Project description:Glioblastoma multiforme (GBM) is the most aggressive brain tumor with poor prognosis to most patients. Immunotherapy of GBM is a potentially beneficial treatment option, whose optimal implementation may depend on familiarity with tumor specific antigens, presented as HLA peptides by the GBM cells. Further, early detection of GBM, such as by a routine blood test, may improve survival, even with the current treatment modalities.

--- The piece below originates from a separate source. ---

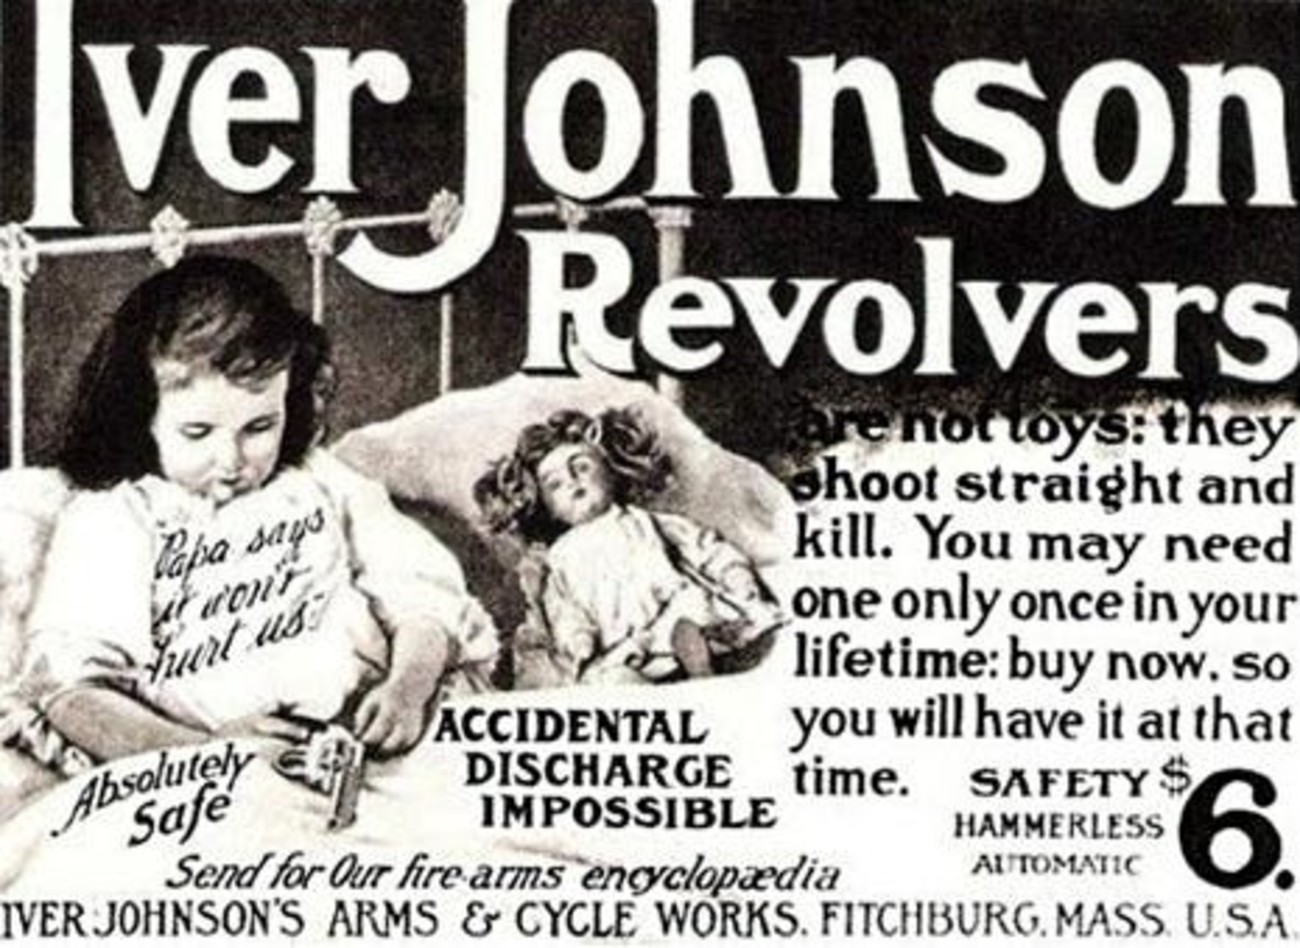 Old gun ad involving kids
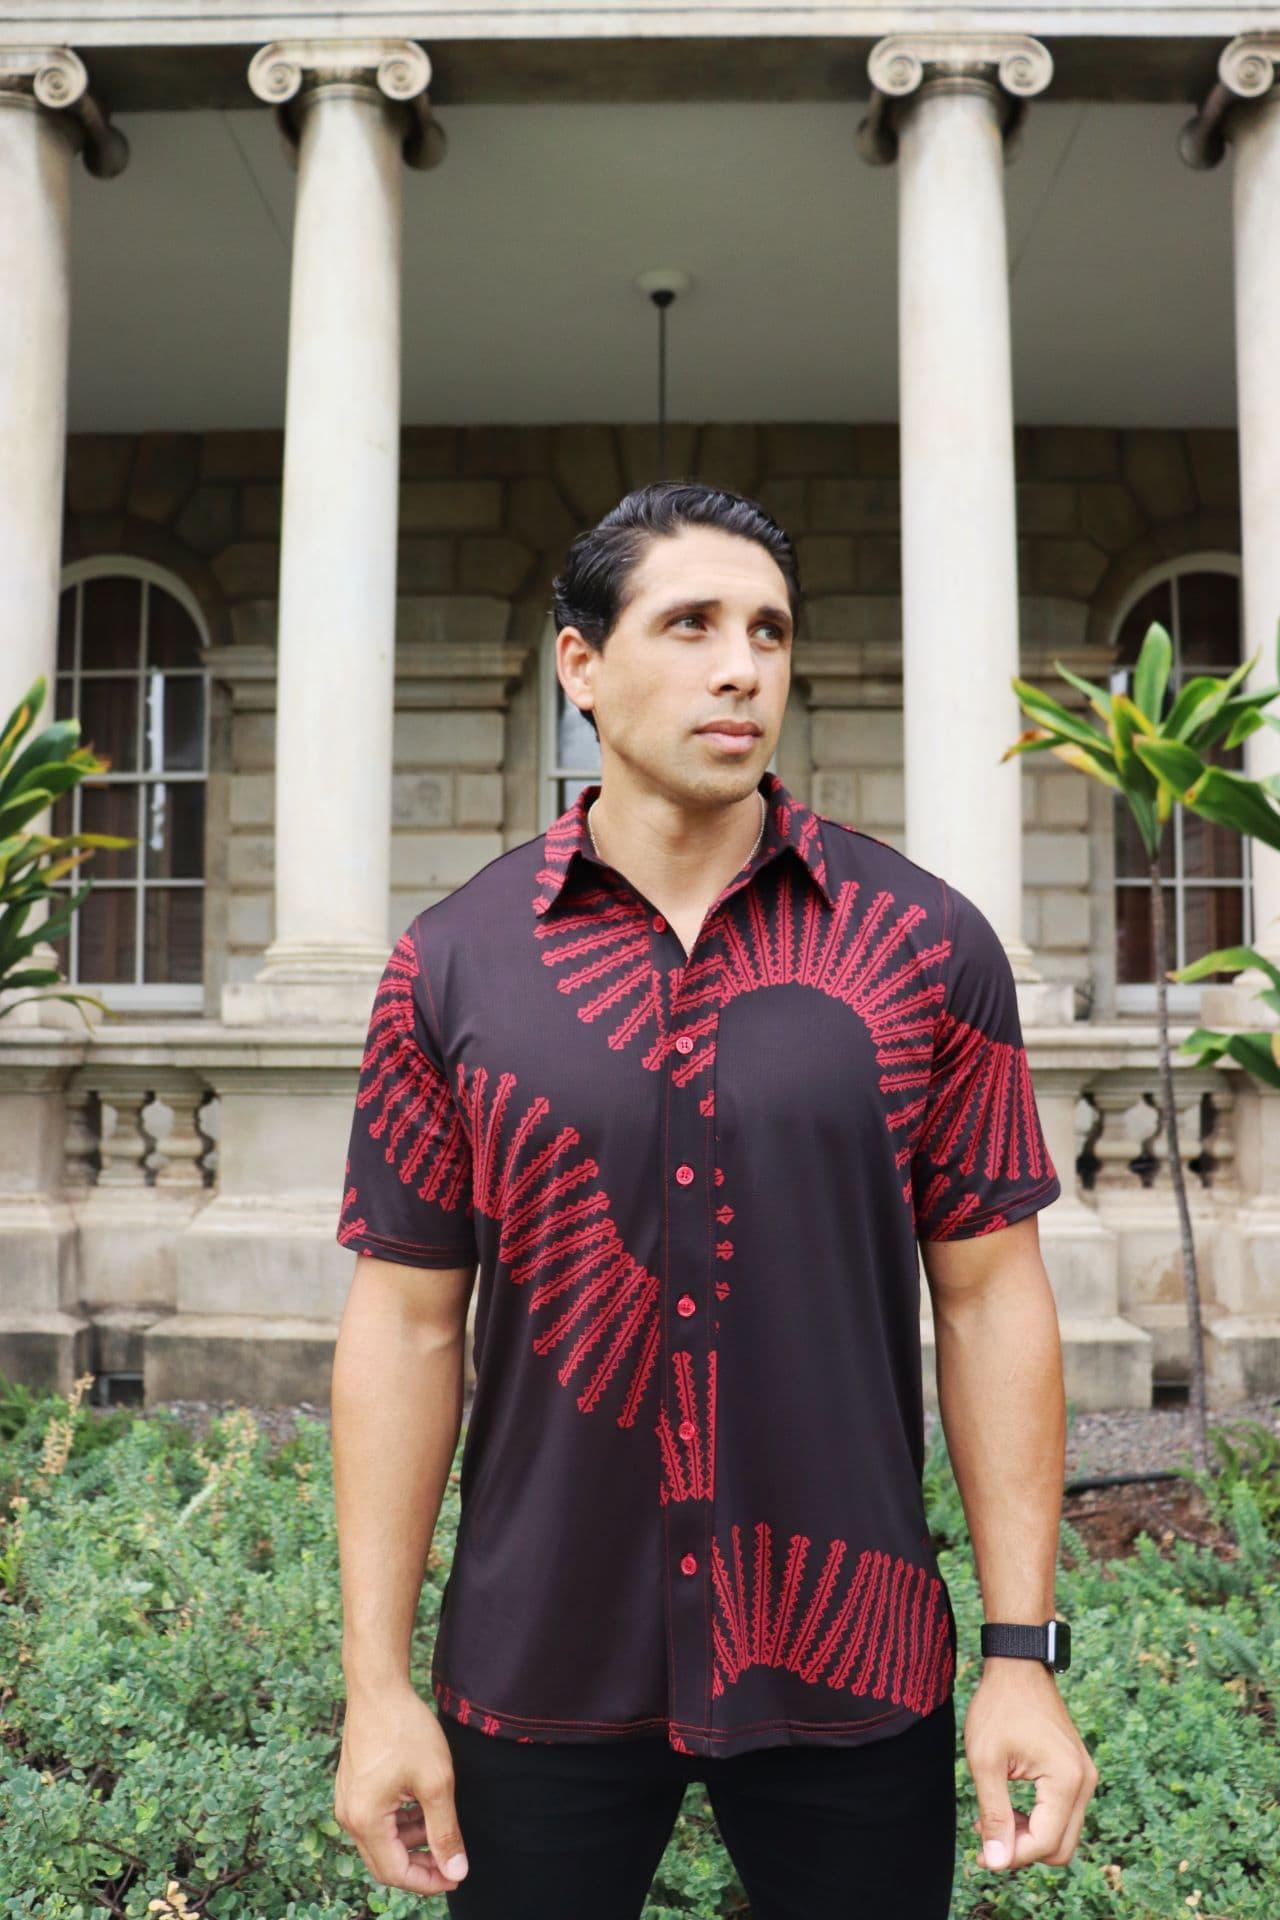 Male model wearing Golf Aloha Shirt in Brick Red/Deepwell Lalanikalea

This study includes large-scale analyses of the HLA peptidome (immunopeptidome) of the plasma-soluble HLA molecules (sHLA) of 142 plasma samples, and the membranal HLA of GBM tumors of 10 of these patients' tumor samples. Tumor samples were fresh-frozen immediately after surgery and the plasma samples were collected before, and at multiple visits after surgery. In total, this HLA peptidome analysis involved 52 different HLA allotypes and resulted in the identification of more than 35,000 different HLA peptides. Strong correlations were observed in the signal intensities and in the repertoires of identified peptides between the tumors and plasma-soluble HLA peptidomes of the individual patients, whereas low correlations were observed between these HLA peptidomes and the tumors' proteomes. HLA peptides derived from Cancer/Testis Antigens (CTAs) were selected based on their presence among the HLA peptidomes of the patients and absence of expression of their source genes from any healthy and essential human tissues, except from immune-privileged sites. Additionally, peptides were selected as potential biomarkers if their levels in the plasma-sHLA peptidome were significantly reduced after the removal of tumor mass. The CTAs identified among the analyzed HLA peptidomes provide new opportunities for personalized immunotherapy and for early diagnosis of GBM.